Certainly rural communities are under pressure. But just as our communities used to be spaced out according to how far a person wanted to travel in a wagon and back, and later according to easy pickup travel, other accommodations will have to be made to adjust for fewer farmers and ranchers on the land. To expect otherwise is to hope that we stop making improvements in agricultural practices, that we go back to needing twice as many people to farm and ranch and that our agriculture join the poorer, developing countries with periodic shortages or sub- standard nutrition much of the time.

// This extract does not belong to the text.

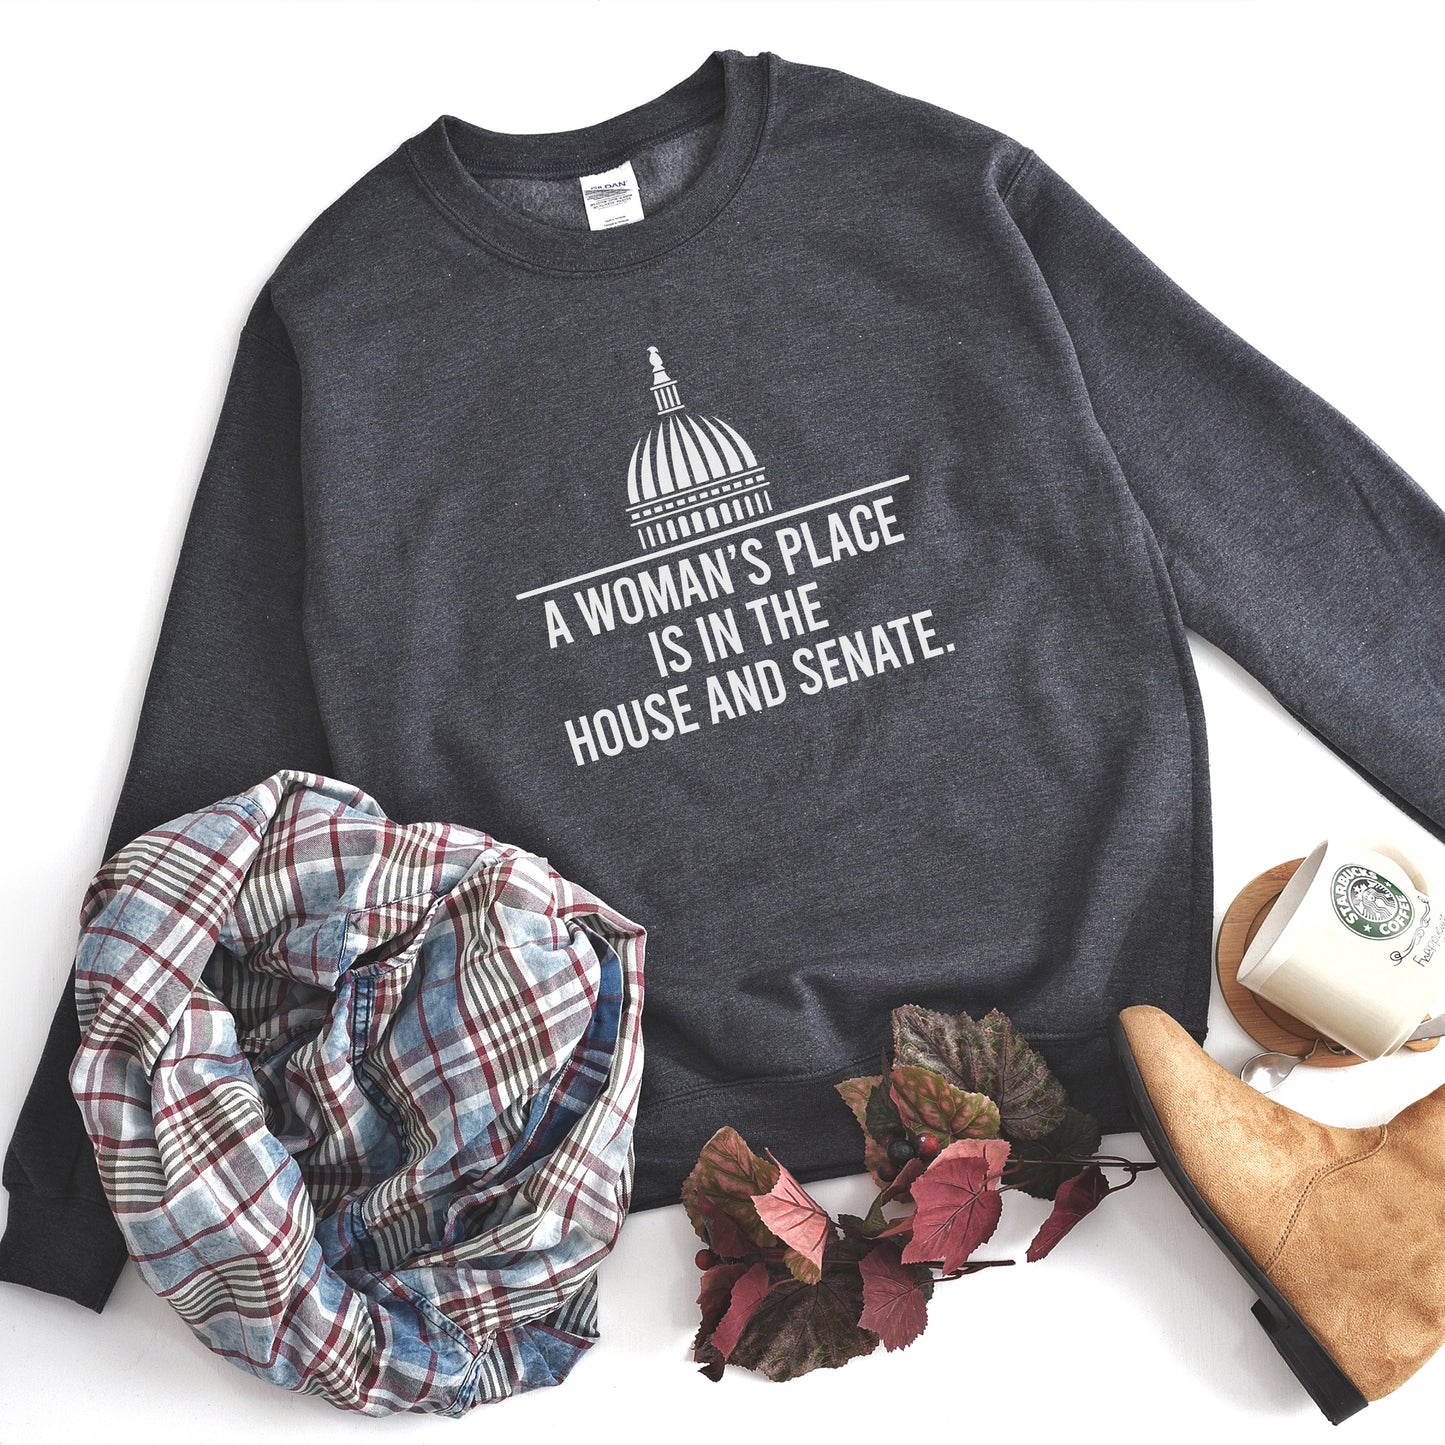 A Woman's Place is in the House and Senate Sweatshirt

Ben & Jerry's also is opposed to BST, a naturally occurring hormone many dairymen use to boost milk production. Their Web site opposes it and the label on their ice cream - after they fought a long legal battle to put it there - notes that they do not use milk from BST-treated cows. But even their Web site admits the FDA says no one can tell the difference in the milk and it is commonly used in the industry.

So why do Ben & Jerry's oppose it? Because they feel "it is a step in the wrong direction toward a synthetic, chemically-intensive, factory-produced food supply." They see the use of BST to be a "poorly conceived, risky solution to a problem that never existed." In other words, the goals of increased milk production and lower costs for dairy farmers don't exist in their minds.

Listening to Ben & Jerry's spiel about doing things the old-time, old-fashioned, non- technological, "natural way," you'd expect Ben & Jerry's just has hundreds of old-fashioned, wooden ice cream freezers out there under the trees in Vermont cranking out ice cream, right?

Well... that wouldn't be very practical now, would it? Of course, they see no inconsistencies or irony in the sophisticated 11-step process they use for making ice cream: the 1,000-gal. blend tanks, the six 5,000-gal. storage tanks, the pair of 700-gal./hour freezers using liquid ammonia, the "variegater," the "pasteurizer," "homogenizer," "spiral hardener," "bundler" or other high-tech equipment and processes. It takes pages and pages to describe even the basics of a highly evolved system. But that's okay - that's them, not us.

That's another characteristic of do-gooders. They are great at telling you how to run your business. They may not run their businesses the way they're espousing or they might not run them that well. The business pages said Ben & Jerry's ice cream was great but their business ability wasn't up to the task of the company they had become. They sold out to Unilever in 2000.